В полшестого Поппи вышла собрать бабушкино постиранное бельё. Оно разительно отличалось от белья обычных бабушек. Здесь не было салфеток, скатертей и больших белых панталон. Её бабушка стирала гусеничные хитины, драконьи хвосты и скафандры.
Если взобраться на тачку, что стояла у сарая, Поппи как раз хватало роста, чтобы сдёргивать с верёвки прищепки. Корзина с бельём очень быстро стала тяжёлой, и тут тачка тоже оказалась весьма кстати. Поппи услышала, как наверху открылось окно.
– Поторопись, милая, – сказала бабушка. – По радио передавали дождь.
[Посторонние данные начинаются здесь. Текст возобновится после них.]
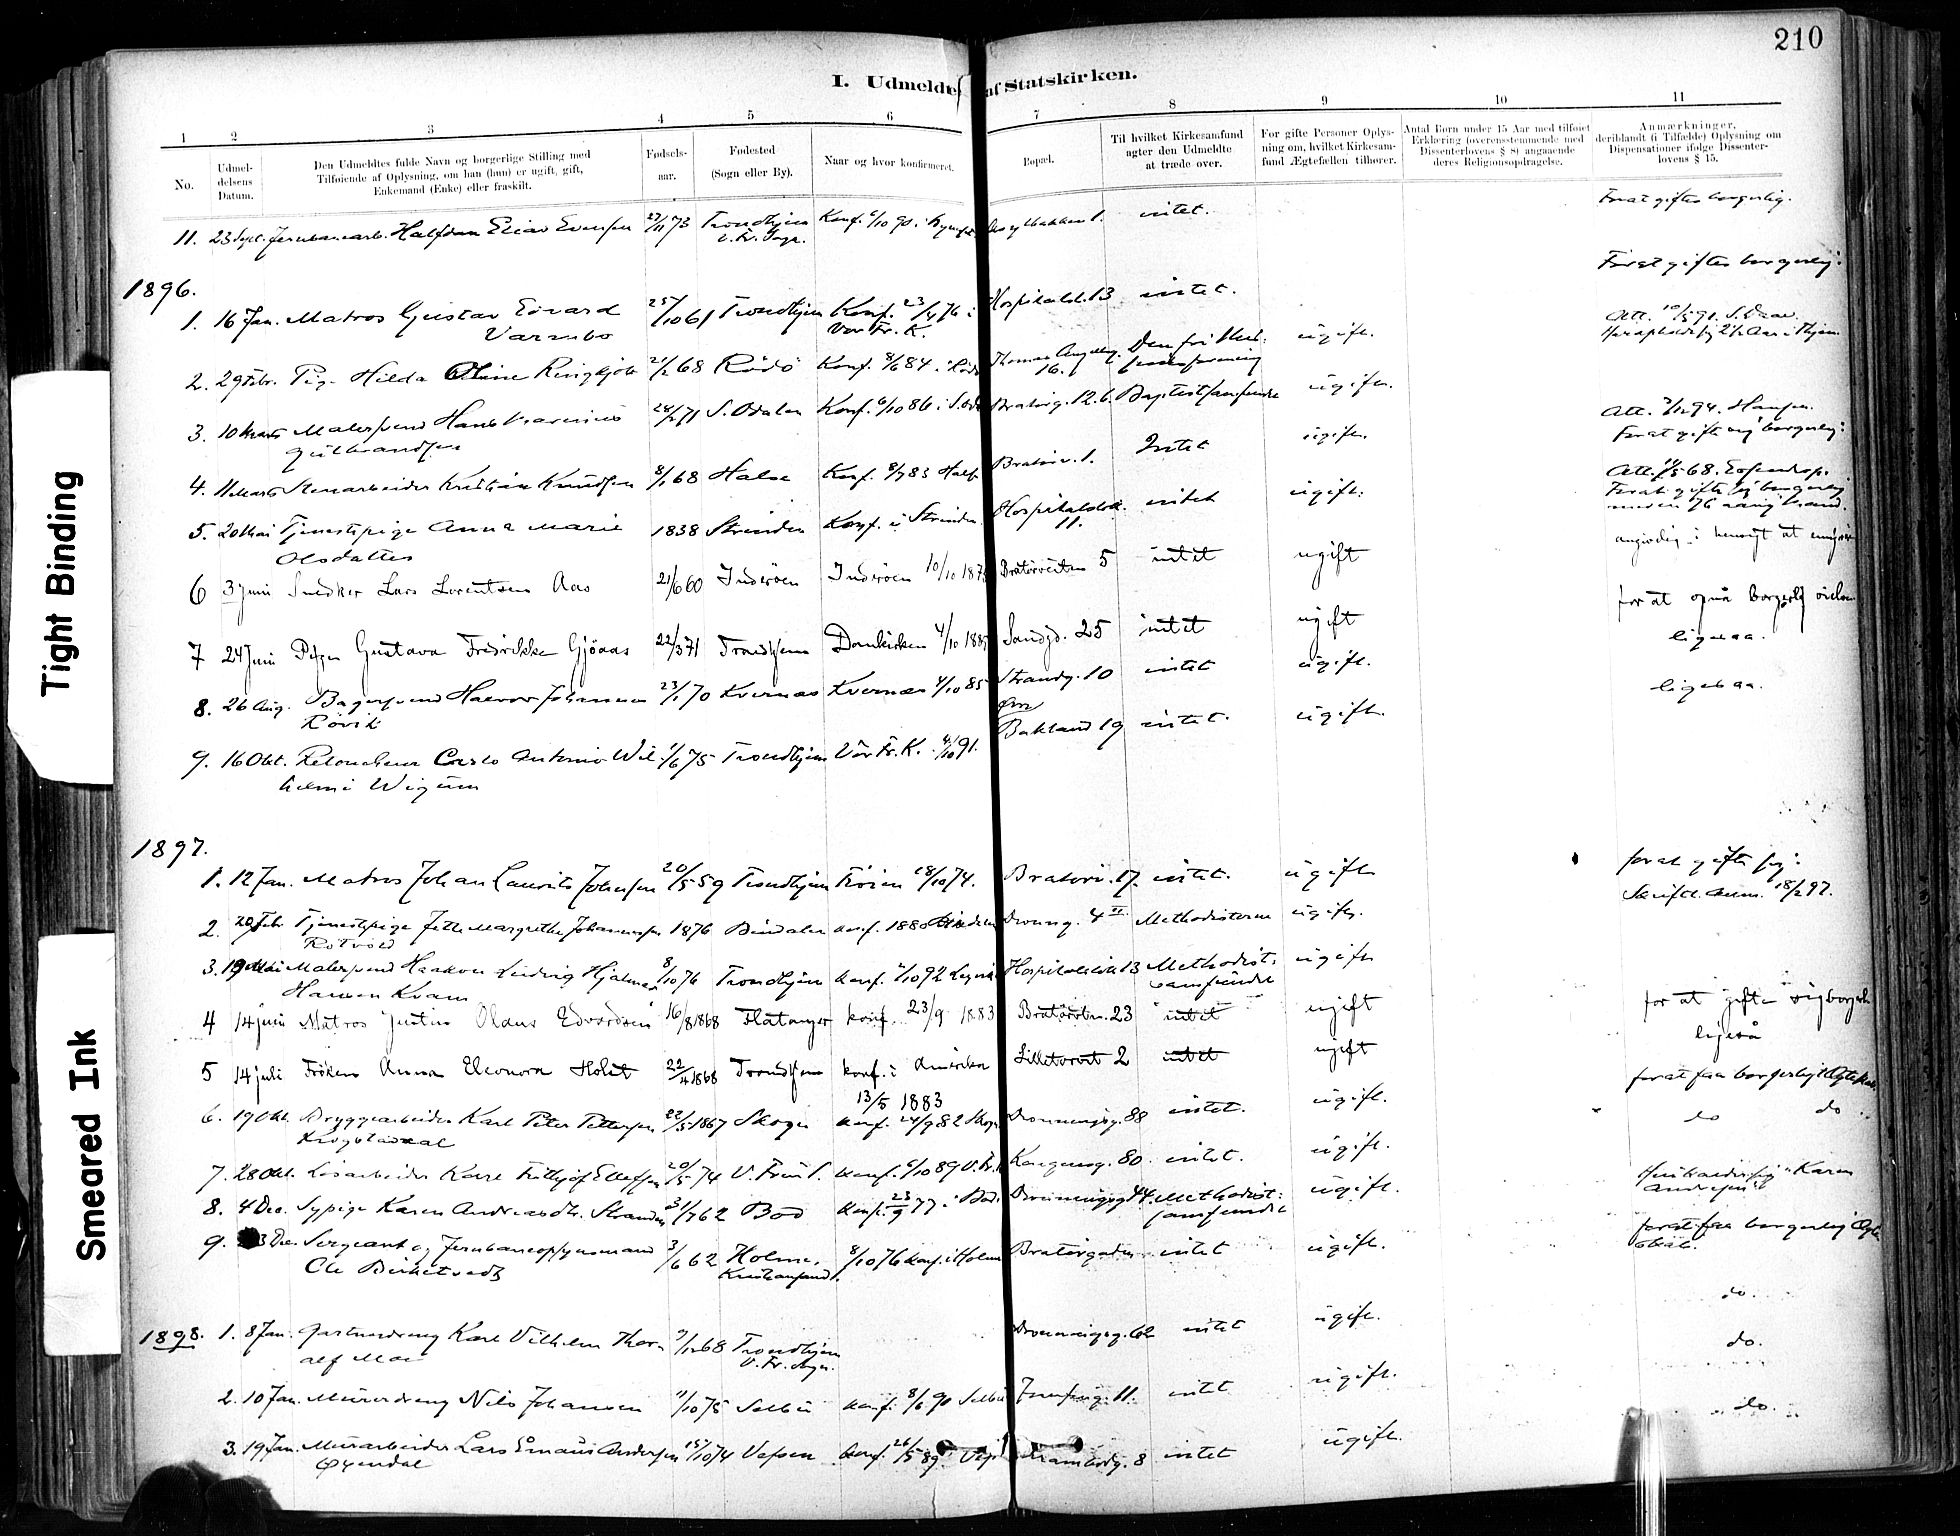 SAT, Ministerialprotokoller, klokkerbøker og fødselsregistre - Sør-Trøndelag, 602/L0120: Ministerialbok nr. 602A18, 1880-1913, s. 210

Поппи проверила прогноз погоды в приложении в мобильнике и убедилась в правоте бабушки. А ещё Поппи заметила сообщение от папы:
Меня попросили изучить пару проектов и провести несколько встреч, пока я в Канаде. Придётся задержаться. Можешь спросить бабушку: она не будет против, если ты останешься с ней до конца каникул? Папа:-*
В животе Поппи, чуть выше пупка, что-то неприятно ёкнуло. Почему папа сам не спросит бабушку? Неужели он правда думал, что смайлик в конце сообщения автоматически делает его хорошим родителем?
Она как раз успела завести тележку через заднюю дверь в дом и захлопнуть ее за собой, когда по окнам забарабанили первые капли дождя.
Бабушка помешивала деревянной вязальной спицей сырный соус в большой кастрюле. Подлив немного белого вина, бабушка принялась крошить портновскими ножницами головку чеснока.
– Один раз я забыла помыть ножницы после резки салата и выкроила ими тюдоровское бальное платье, от которого потом несло капустой. Ну, по крайней мере, оно вышло аутентичным.
Поппи замерла.
– Можно я поживу с тобой немного подольше, бабушка?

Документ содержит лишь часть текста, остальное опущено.